How We Figure Out Which Tweets are Credible

Researchers at the Georgia Institute of Technology have developed a new language model showing which words and phrases positively or negatively influence the credibility of world events reported on Twitter.

The study, which scanned 66 million tweets regarding nearly 1,400 real-world events, suggests that the words of millions of people on social media may offer considerable information about an event’s credibility, even when an event is still in progress.

“There have been many studies about social media credibility in recent years, but very little is known about what types of words or phrases create credibility perceptions during rapidly unfolding events,” said Tanushree Mitra, the Georgia Tech Ph.D. candidate who led the research.

The team studied tweets regarding world events in 2014 and 2015, including the emergence of Ebola in West Africa, the Charlie Hebdo attack in Paris and the death of Eric Garner in New York City.

The researchers asked people to judge the posts on their credibility (from “certainly accurate” to “certainly inaccurate”). Then the team fed the words into a model that divided them into 15 different linguistic categories. The classifications included positive and negative emotions, hedges and boosters, and anxiety.

The Georgia Tech computer then examined the words to judge if the tweets were credible or not. It matched the humans’ opinions about 68 percent of the time, a percentage significantly higher than the random baseline of 25 percent.

“Tweets with booster words, such as ‘undeniable,’ and positive emotion terms, such as ‘eager’ and ‘terrific,’ were viewed as highly credible,” said Mitra. “Words indicating positive sentiment but mocking the impracticality of the event, such as ‘ha,’ ‘grins’ or ‘joking,’ were seen as less credible.

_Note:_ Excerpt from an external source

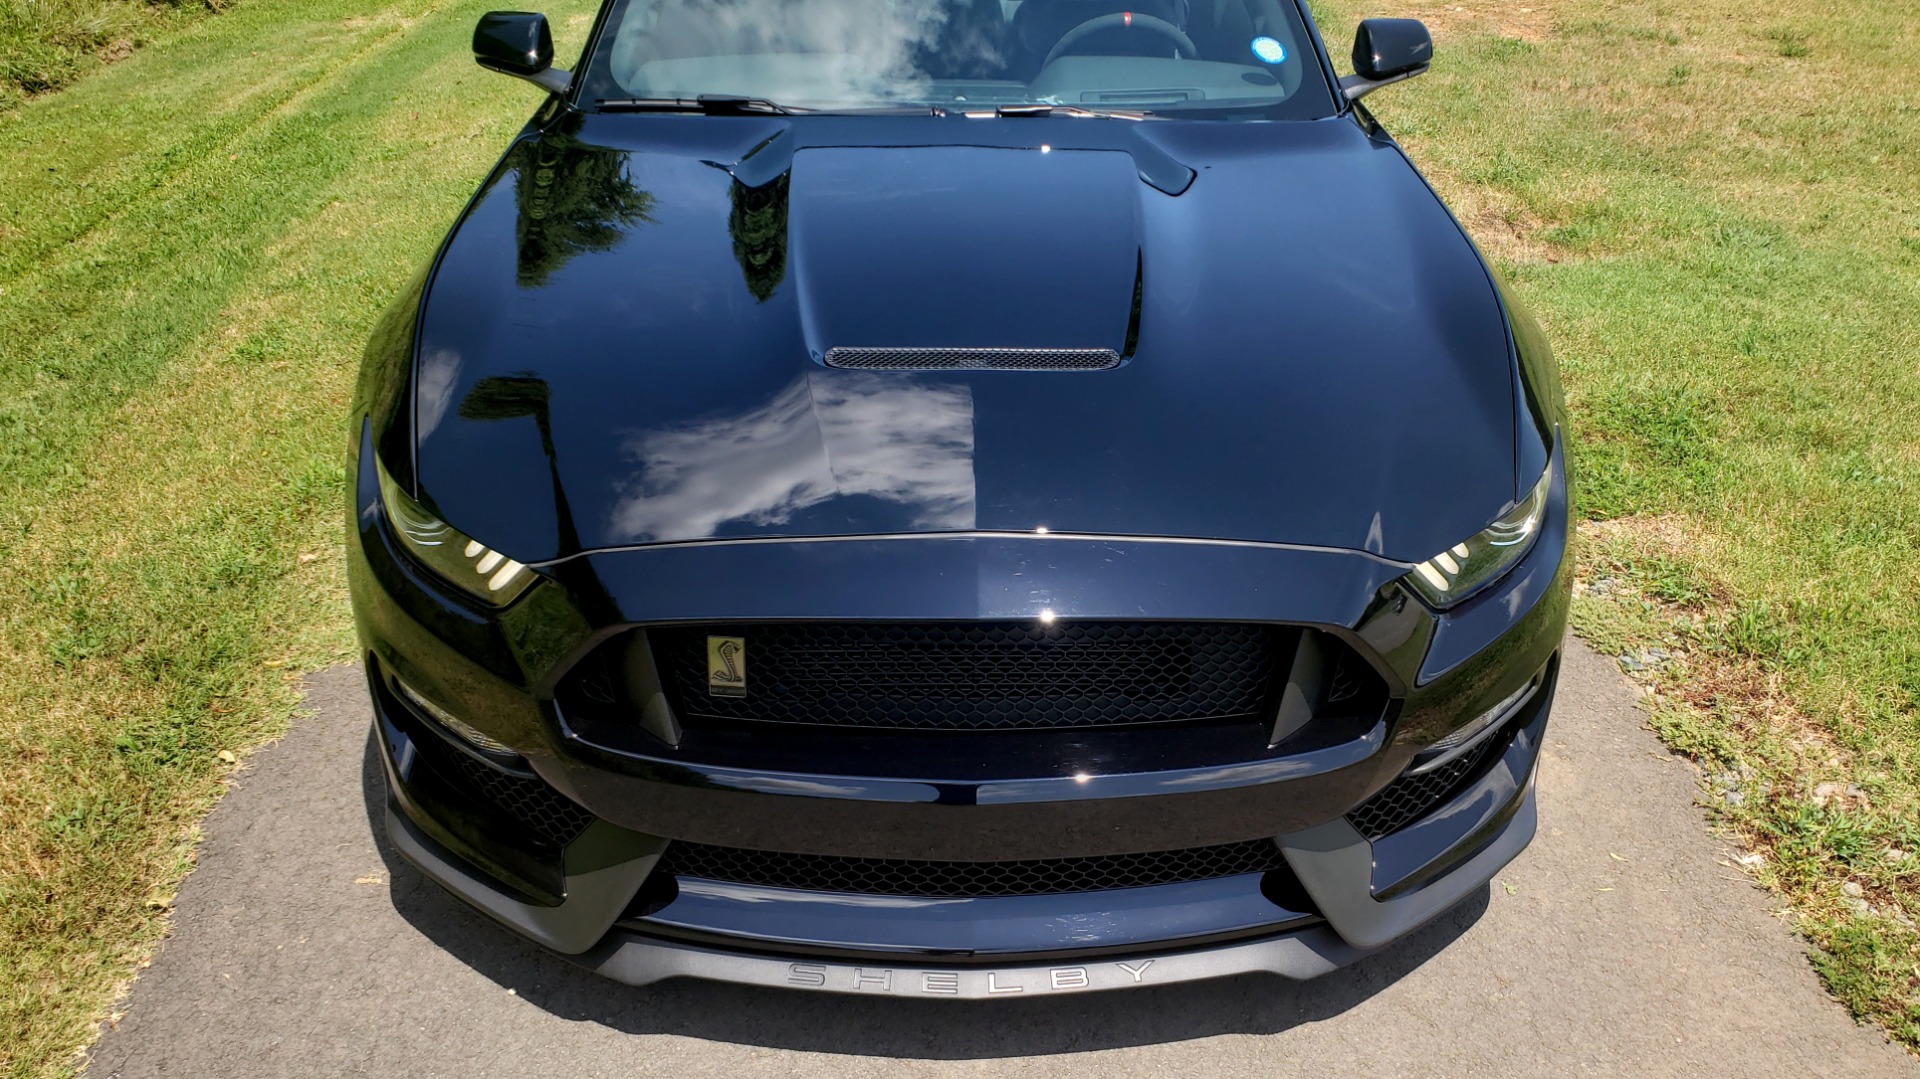 Used 2019 Ford MUSTANG SHELBY GT350 COUPE / TECH PKG / B&O SND / NAV / HNDLNG PKG / REARVIEW for sale Sold at Formula Imports in Charlotte NC 28227 19

So were hedge words, including ‘certain level’ and ‘suspects.'”

Higher numbers of retweets were associated with lower credibility scores. Replies and retweets with longer message lengths were believed to be more credible.

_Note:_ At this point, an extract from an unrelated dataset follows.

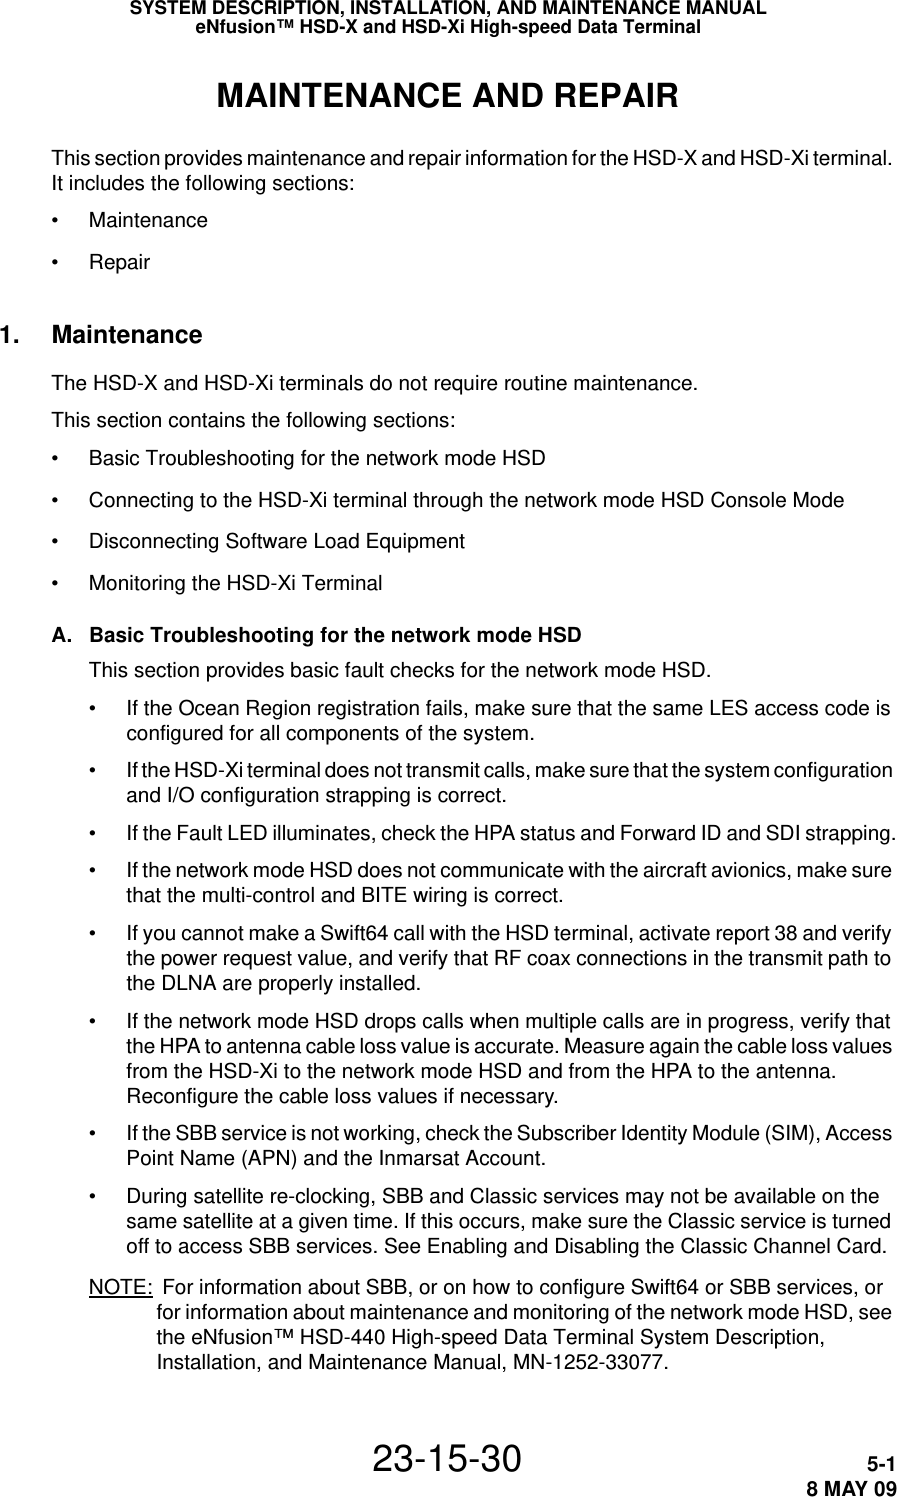 SYSTEM DESCRIPTION, INSTALLATION, AND MAINTENANCE MANUALeNfusion™ HSD-X and HSD-Xi High-speed Data Terminal23-15-30 5-18 MAY 09MAINTENANCE AND REPAIRThis section provides maintenance and repair information for the HSD-X and HSD-Xi terminal. It includes the following sections:•Maintenance•Repair1. MaintenanceThe HSD-X and HSD-Xi terminals do not require routine maintenance.This section contains the following sections:•Basic Troubleshooting for the network mode HSD•Connecting to the HSD-Xi terminal through the network mode HSD Console Mode•Disconnecting Software Load Equipment•Monitoring the HSD-Xi TerminalA. Basic Troubleshooting for the network mode HSD This section provides basic fault checks for the network mode HSD.• If the Ocean Region registration fails, make sure that the same LES access code is configured for all components of the system.• If the HSD-Xi terminal does not transmit calls, make sure that the system configuration and I/O configuration strapping is correct.• If the Fault LED illuminates, check the HPA status and Forward ID and SDI strapping.• If the network mode HSD does not communicate with the aircraft avionics, make sure that the multi-control and BITE wiring is correct.• If you cannot make a Swift64 call with the HSD terminal, activate report 38 and verify the power request value, and verify that RF coax connections in the transmit path to the DLNA are properly installed.• If the network mode HSD drops calls when multiple calls are in progress, verify that the HPA to antenna cable loss value is accurate. Measure again the cable loss values from the HSD-Xi to the network mode HSD and from the HPA to the antenna. Reconfigure the cable loss values if necessary.• If the SBB service is not working, check the Subscriber Identity Module (SIM), Access Point Name (APN) and the Inmarsat Account.• During satellite re-clocking, SBB and Classic services may not be available on the same satellite at a given time. If this occurs, make sure the Classic service is turned off to access SBB services. See Enabling and Disabling the Classic Channel Card.NOTE:  For information about SBB, or on how to configure Swift64 or SBB services, or for information about maintenance and monitoring of the network mode HSD, see the eNfusion™ HSD-440 High-speed Data Terminal System Description, Installation, and Maintenance Manual, MN-1252-33077.

“It could be that longer message lengths provide more information or reasoning, so they’re viewed as more trustworthy,” she said. “On the other hand, a higher number of retweets, which was scored lower on credibility, might represent an attempt to elicit collective reasoning during times of crisis or uncertainty.”

Although the model isn’t deployable yet, the researchers say they may eventually develop an app that can calculate the perceived trustworthiness of an event as it unfolds on social media.

“When combined with other signals, such as event topics or structural information, our linguistic result could be an important building block of an automated system,” said Dr. Eric Gilbert, Mitra’s advisor and an assistant professor in Georgia Tech’s School of Interactive Computing.

“Twitter is part of the problem with spreading untruthful news online. But it can also be part of the solution.”

Source: Georgia Institute of Technology